Kurds and Their Supporters in a Lose-Lose Situation

On Saturday 28 JAN Iran announced that it had banned U.S. citizens from entering the country. According to Reuters, the ban has been implemented “in retaliation to Washington’s visa ban against Tehran and six other majority-Muslim countries announced by new U.S. President Donald Trump.”

NEC-SE believes that Iraq, which takes its marching orders from Iran, and possibly Saudi Arabia as well, will soon follow suit by with bans against U.S. citizens. If and when the Iraqi Parliament votes to approve the ban, the Kurdish Regional Government (KRG) will have a very difficult decision to make. It can implement its own ban against U.S. citizens, a move in keeping with its status as a part of Iraq. Or it could choose to continue admitting Americans, in defiance of the governments of Iraq and Iran.

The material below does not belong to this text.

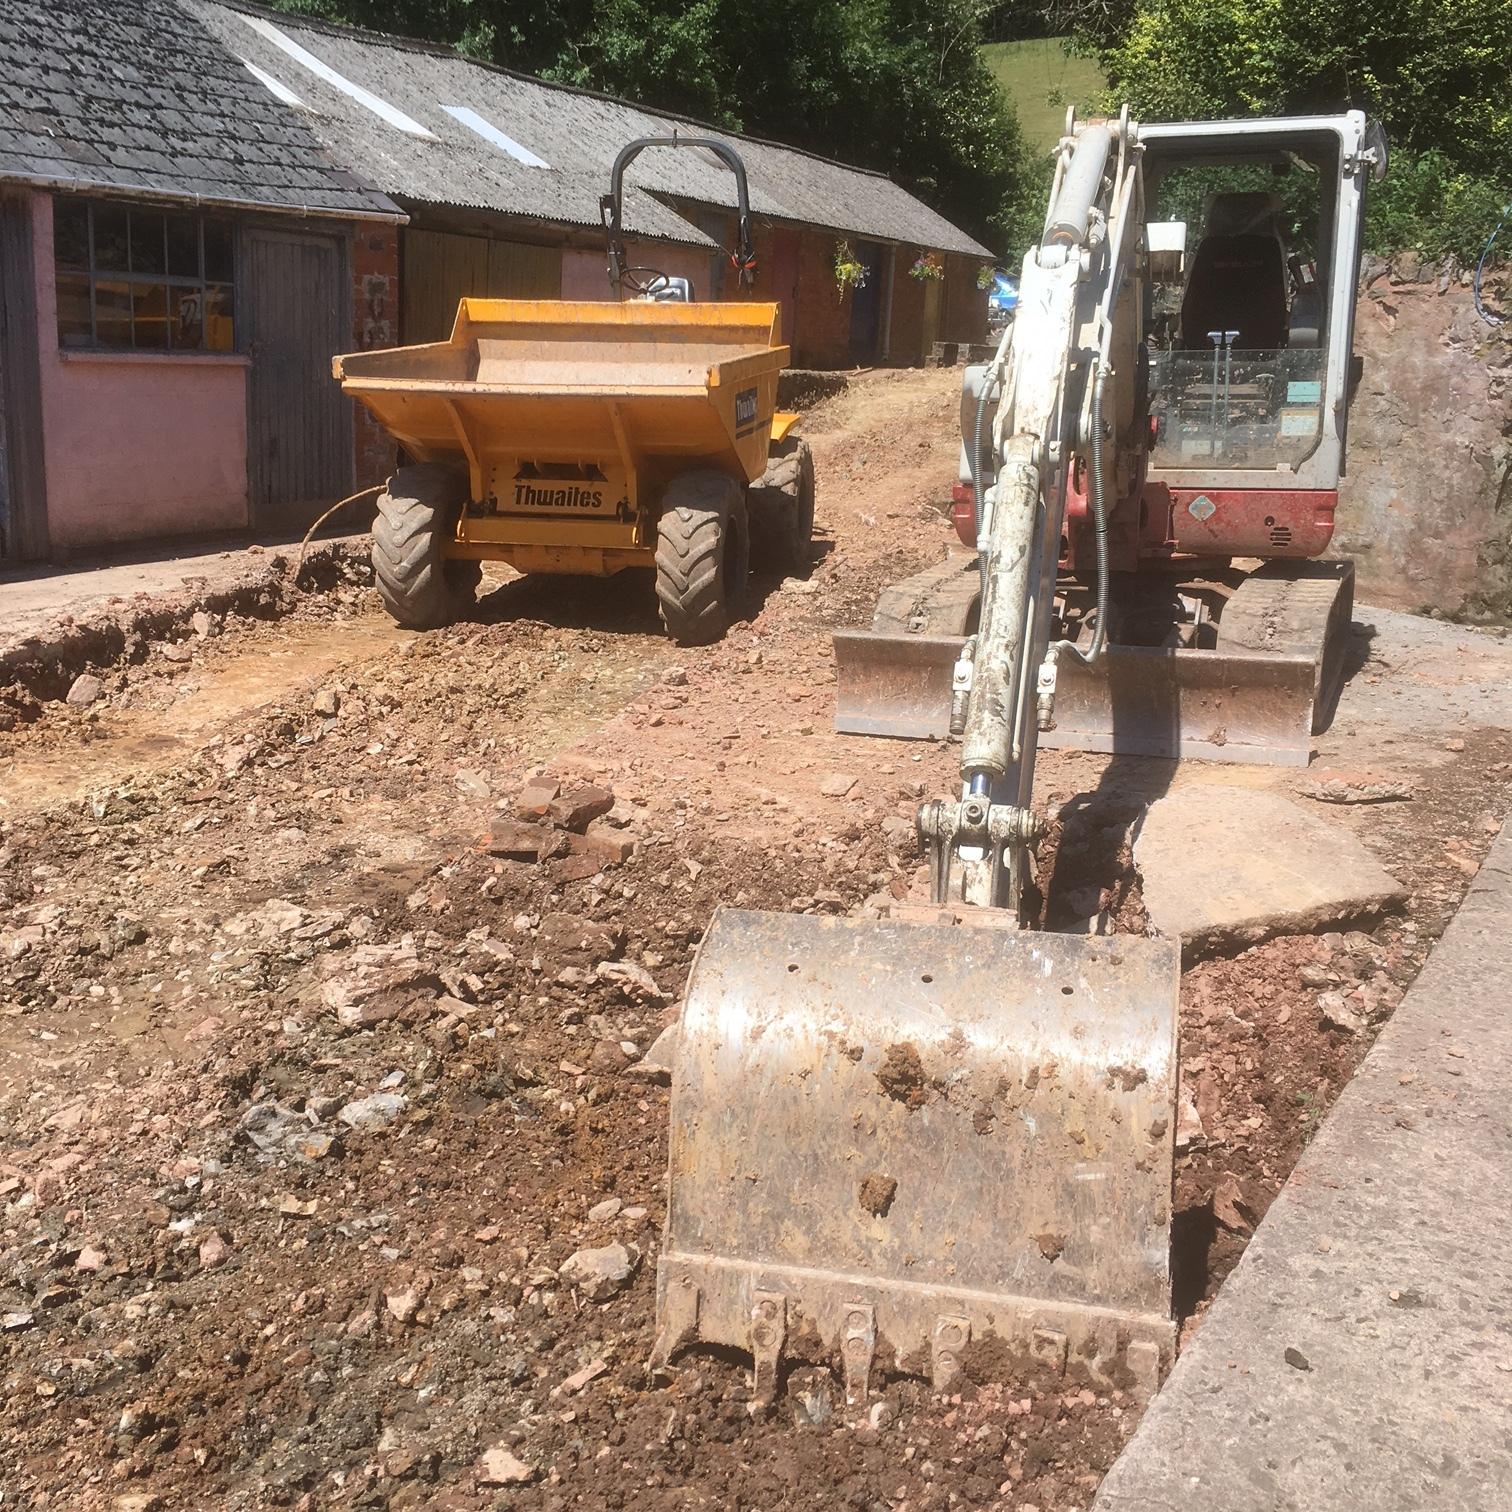 Hurstone, Somerset renovation work has begun
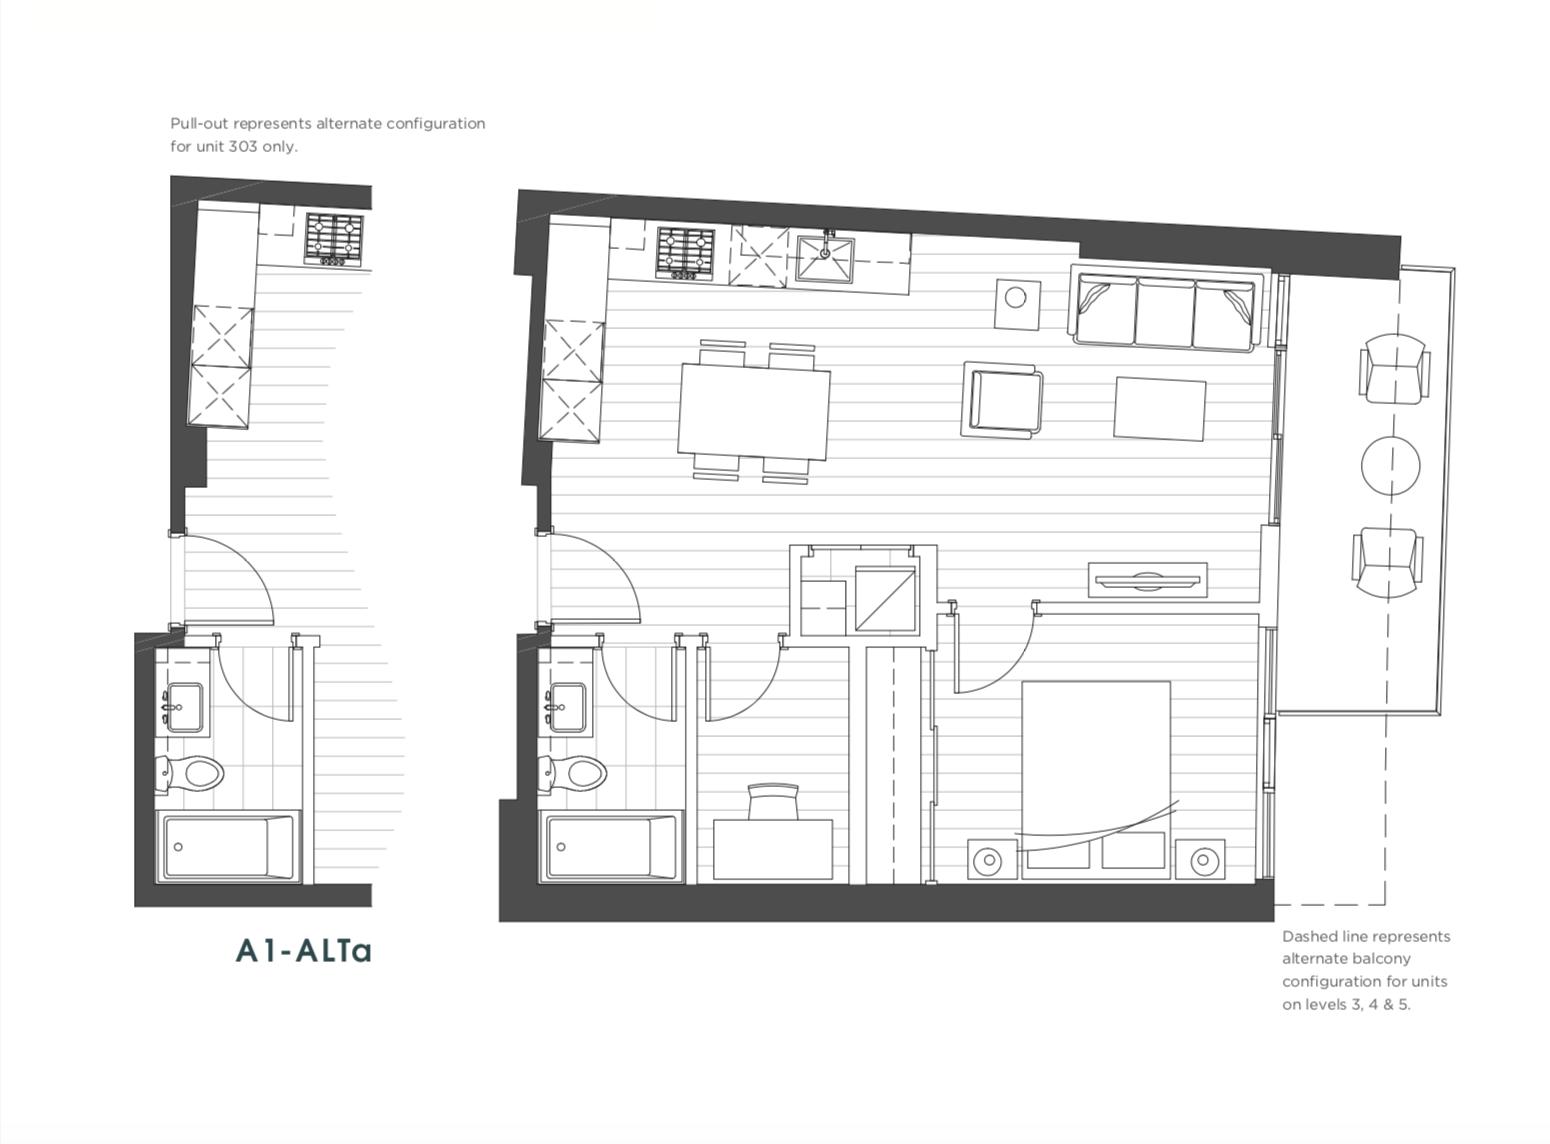 Picasso Unit 0419 - 1 Bedroom

That said, it is altogether likely that the Kurds will fall in line and implement the ban. Iran has declared that the U.S. visa ban is an insult to Islam and to all Muslims, be they Sunnis or Shiites. In doing so Iran has made the ban an issue of both national and religious honor, which far transcends mere politics. The KRG is not (yet) a nation, but the Kurds are Sunni Muslims, and the appeal to religious honor must necessarily resonate strongly with them. They may not be terribly keen on implementing the ban because that will alienate the Western nations that have provided them with the political, military, and monetary support so vital to their survival. Nevertheless, they cannot act in contravention to their Muslim brethren. Such action would constitute a de facto declaration of war against Iraq and Iran; worse, it would place them outside the community of Muslim nations and peoples.

Whatever the Kurds decide, they will suffer for their choice. They are caught between the proverbial rock and hard place of Middle Eastern power politics. The result may be the crushing of Kurdish aspirations for statehood.